--- Provided data Enclosed Below ---

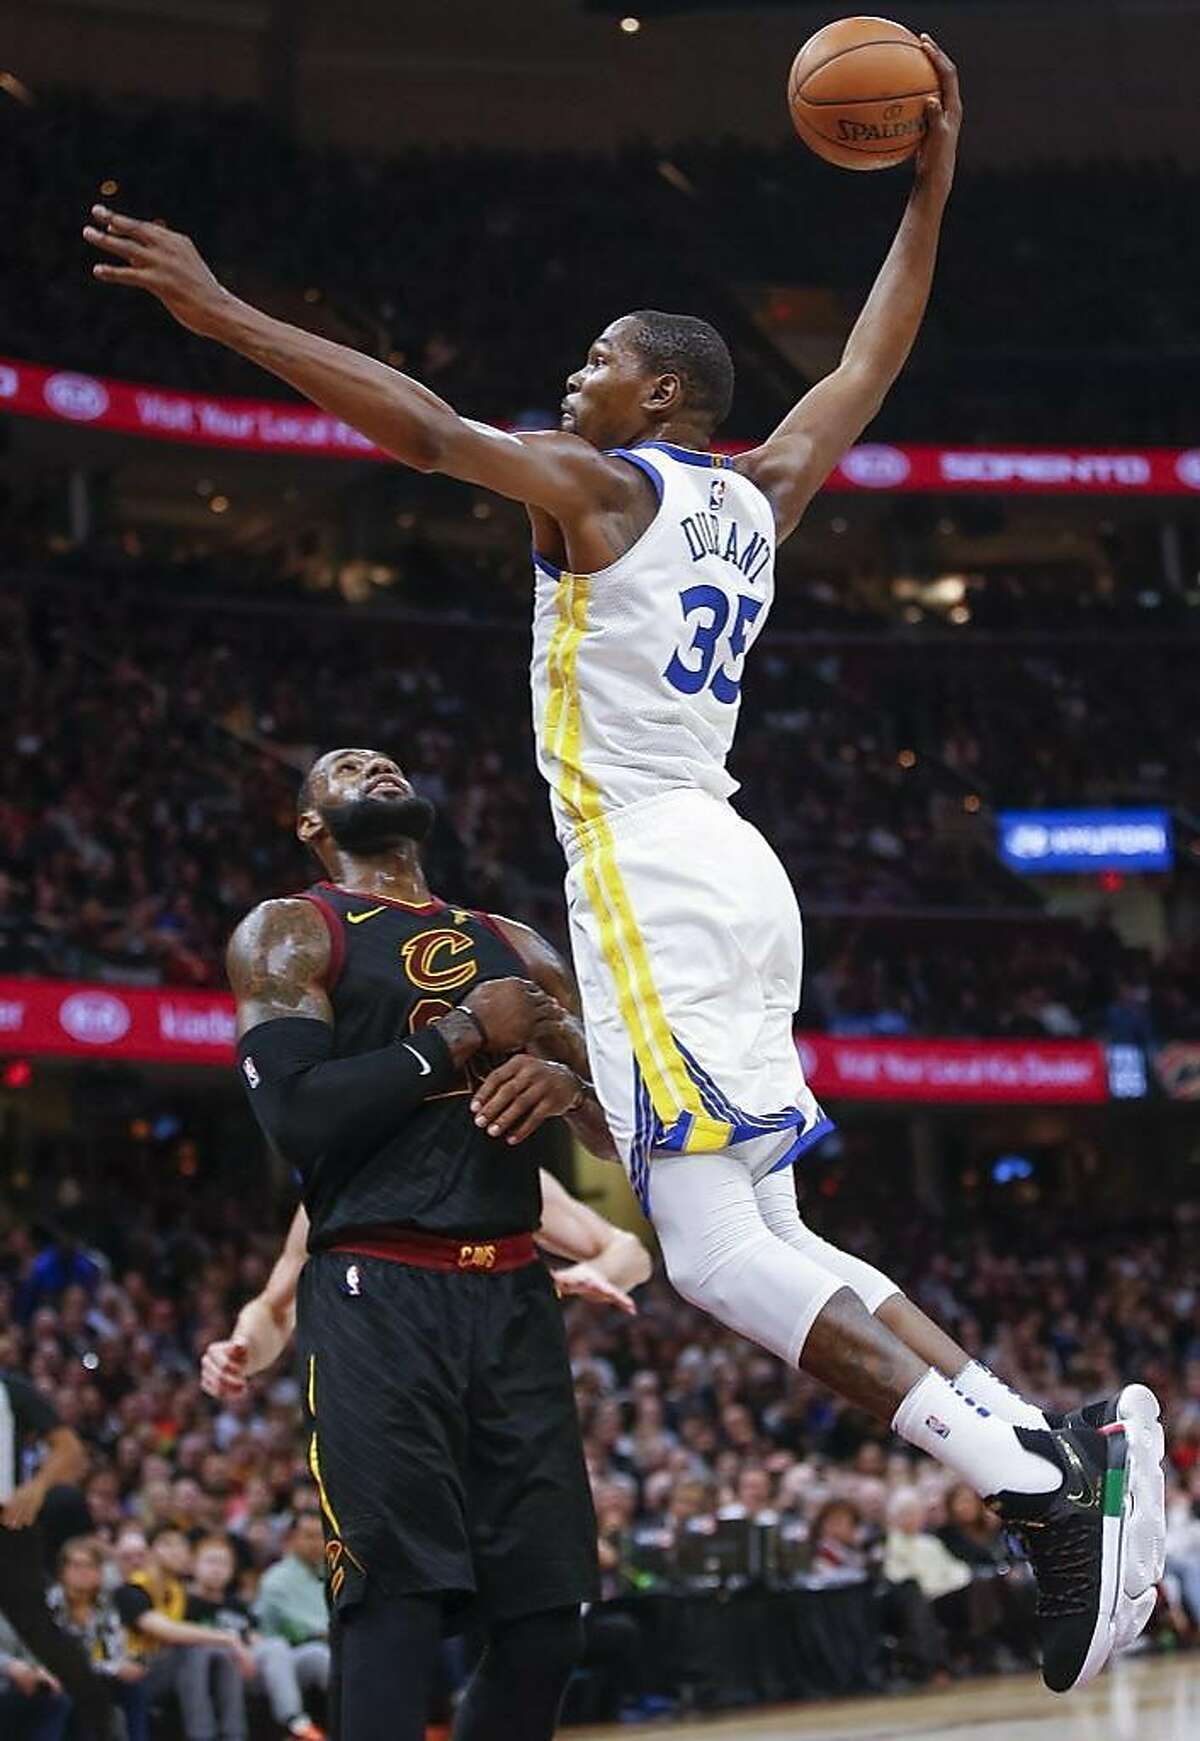 Kevin Durant of the Golden State Warriors goes up for the dunk over LeBron James #23 of the Cleveland Cavaliers at Quicken Loans Arena on January 15, 2018 in Cleveland, Ohio. 
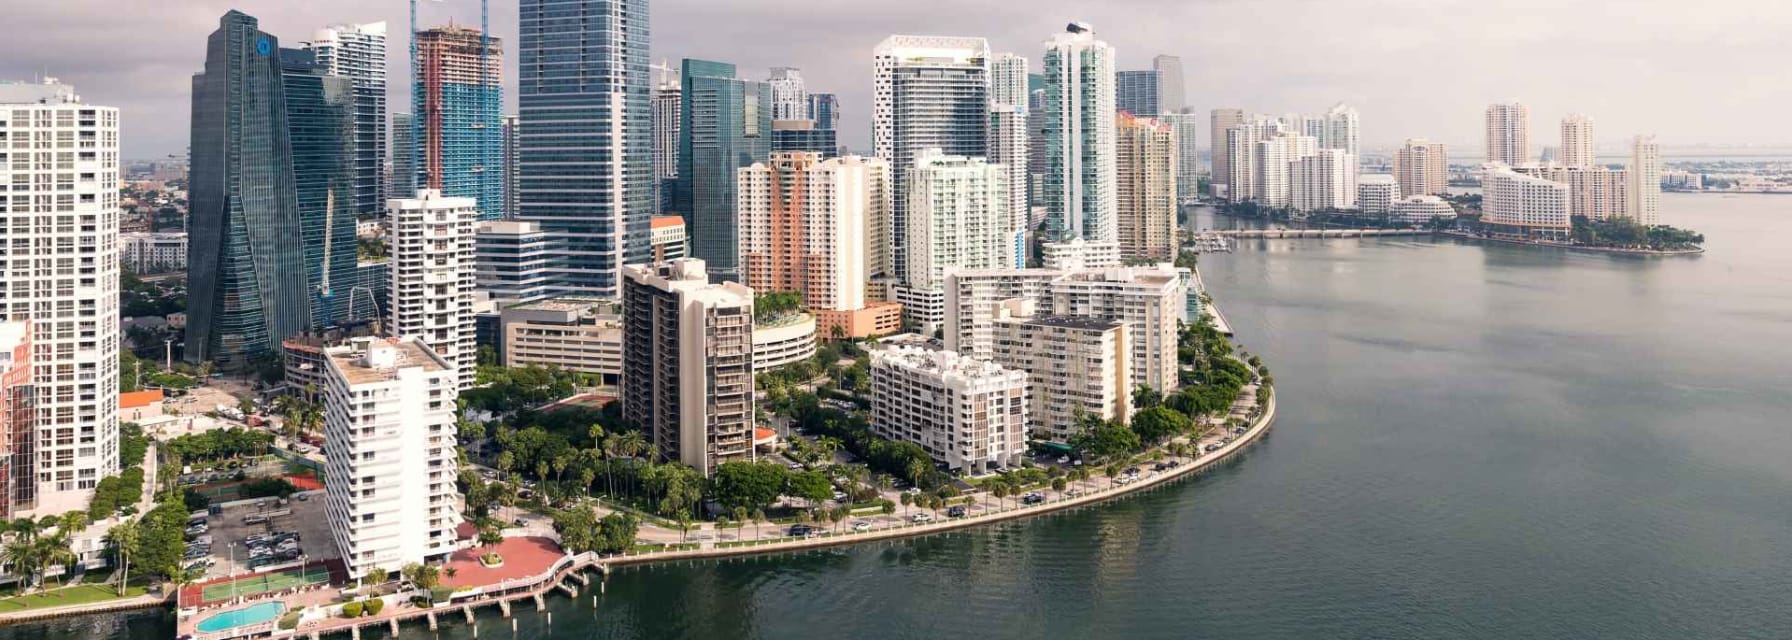 An aerial view of downtown miami. Skyscrapers are seen near the city waterfront.
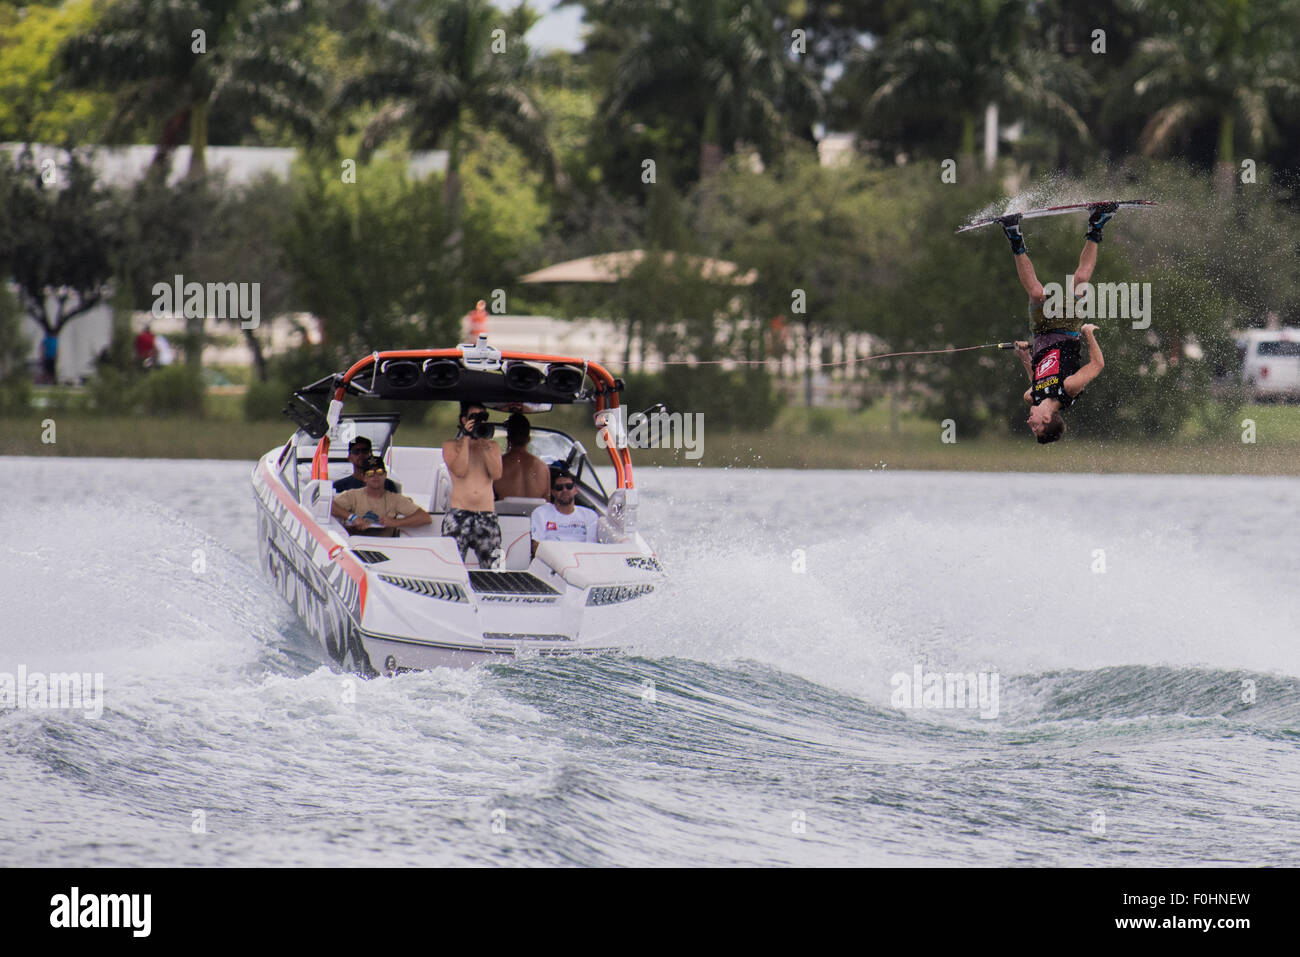 Wakeboarding National Championship at Miami Watersports Complex, Amelia Earhart Park, Hialeah, Florida. Stock Photo

--- End of Enclosed Provided data ---

Your assignment = Without changing a word, restate the listing above; the pictures stay out.

Answer to the exercise =
 Kevin Durant of the Golden State Warriors goes up for the dunk over LeBron James #23 of the Cleveland Cavaliers at Quicken Loans Arena on January 15, 2018 in Cleveland, Ohio. 
 An aerial view of downtown miami. Skyscrapers are seen near the city waterfront.
 Wakeboarding National Championship at Miami Watersports Complex, Amelia Earhart Park, Hialeah, Florida. Stock Photo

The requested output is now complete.